Phew... blogged for a long time... but its ok.. i cant surpress everything in me... but i still need to find someone whom I can trust to listen to my thoughts.. as what he said to me... zz... k.. i shall end here.. thank you for your kind attention.. lol byebye

word count : 2238 words O.o

sharkfin fullstopped here

6:23 PM

Sunday, January 11, 2004

Haiz...

in a very bad mood now... after knowing that my kaponess has gotten me into some sort of trouble... i am not going to mention abt it anymore.. there is nothing i can do but just change my bad habit... but is all too late... things have been done.. i can only apologise... to be forgiven or not to be forgiven.. that is not what i can decide... what i only hope now is to let this event pass quietly... but i dun think that will be the case... someone has lost trust in me... that is the wrost... i wonder... is it going to collapse just because of this.. i couldnt imaging... i couldnt do much to regain my trustworth... especially when u have already lost it... i dunno... why am i being to extra and tell someone abt it... i am just getting myself into trouble... now i am in it... serve myself right.. i really regret it now... regretted it awfully... why am i so stupid and tell it to someone else... who has no concern abt it at all... WHY?! this isnt the first time... forget it.. what i wan to do is just kick this habit.. that is all... bye

lets hope i am better when i am in school tomoro

sharkfin fullstopped here

5:03 PM

Thursday, January 08, 2004

hi... thinking of blogging all of a sudden.. lol

today is thursday... very sian during the recesses.. nothing to do except eating... monday to wed and fri will go round the school with yingqun and lekchia but now there is nothing to do at all.. can only just walk pass their classes... sian... but today is over... and is over...

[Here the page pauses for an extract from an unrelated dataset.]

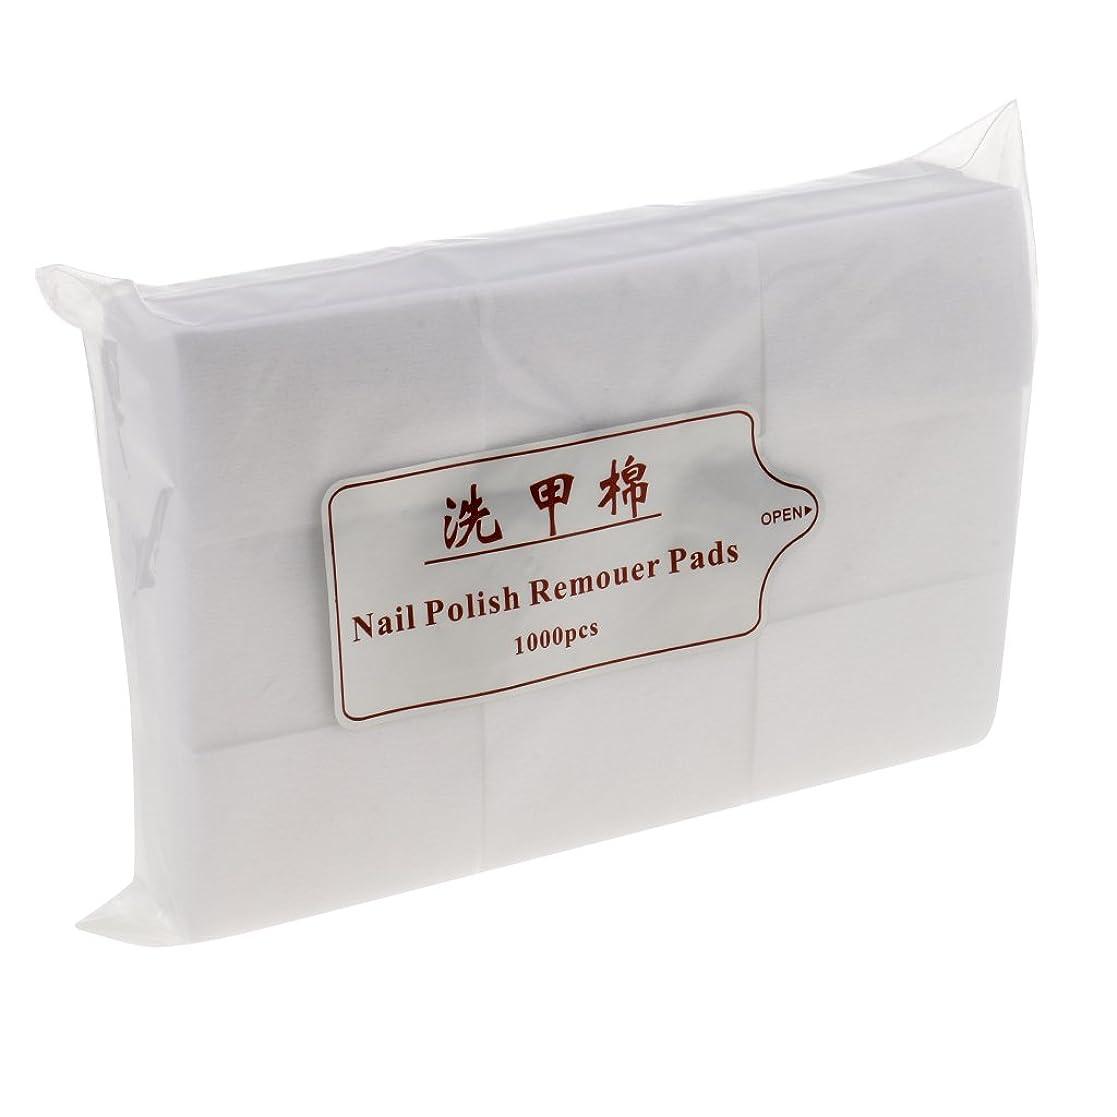 意気込みフルーツリムBlesiya 約1000個 ネイルコットンパッド ネイル パッド ネイルアートチップ パッド紙 吸水性 便利 ネイルサロン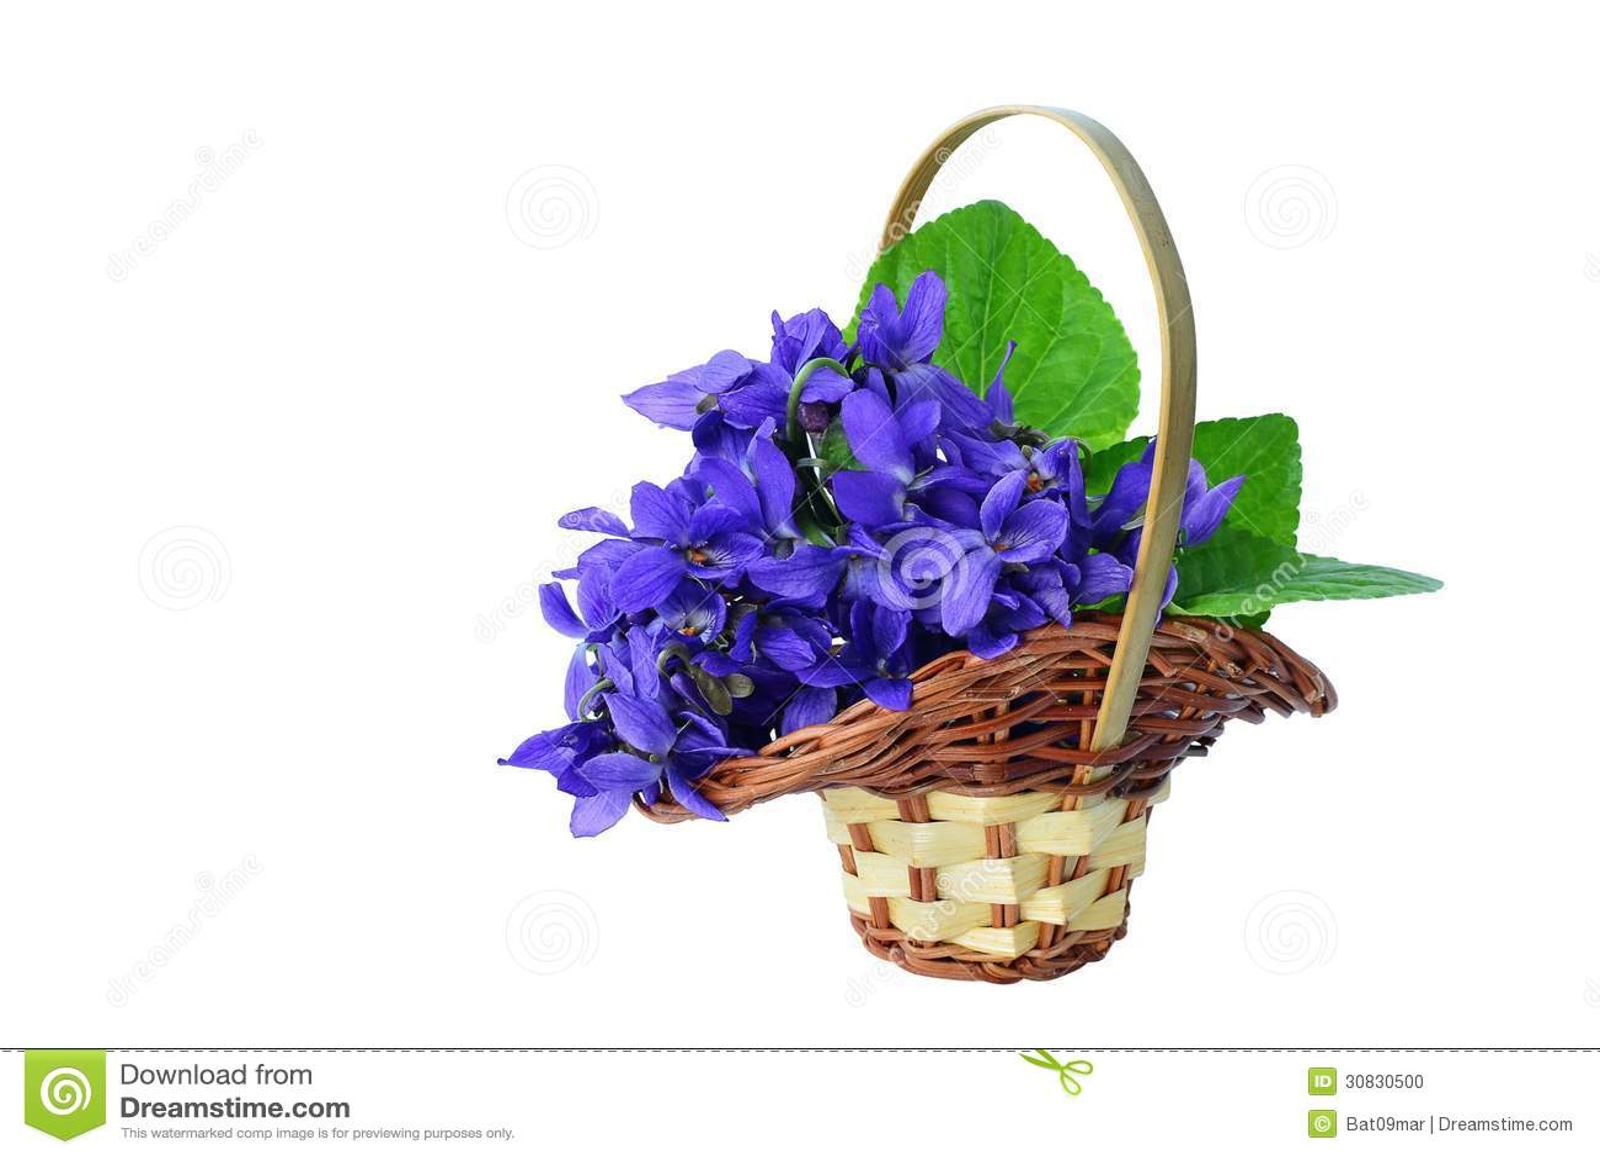 Viole blu in un canestro isolato

its been a week since i have been in 3K.... honestly.. i dun hate this class as much as yingqun does... yesterday shiehls also got talk to me... den i got tok to her abt having friends in other classes... she just told me to adapt and make new friends.... but its hard... its been 2 years in 2K and now we are separated... we finally getting to know more abt other people but now we are separated... why is there such a thing called streaming... everyone study bio lah... CHS ppl all so clever study lor.. why must have a standard of 2.5 where other schools only need to have A2 for science and maths... dun care lah.. anyway now i in non-bio class... dun tok so much... i not in bio.. but i want to go... appeal no use... so in 3K lor... for me... its still okok... though dunno who are sitting around me... at least they still got tok to me... den i try to tok to them.. but so embarrassed... plus i always stammer when nervous... for sure they laughing at me... haiz... but overall grading for 3K... 3.5/5...

one more thing to comment.. is abt the ACE... i really hate this new scheme.. why must we tok in class one... and dun tok no points.. like forcing you to tok.. i not that kind of ppl who will try to get 1 mark means 1 mark.... i dun wan to speak means dunwan... but every teacher is emphasising on that.. making me more confused... what i shld do.. follow the trend and open my mouth and tok... or... just keep quiet and everything will pass.... as if... i think in the end i will still tok... but slowly first...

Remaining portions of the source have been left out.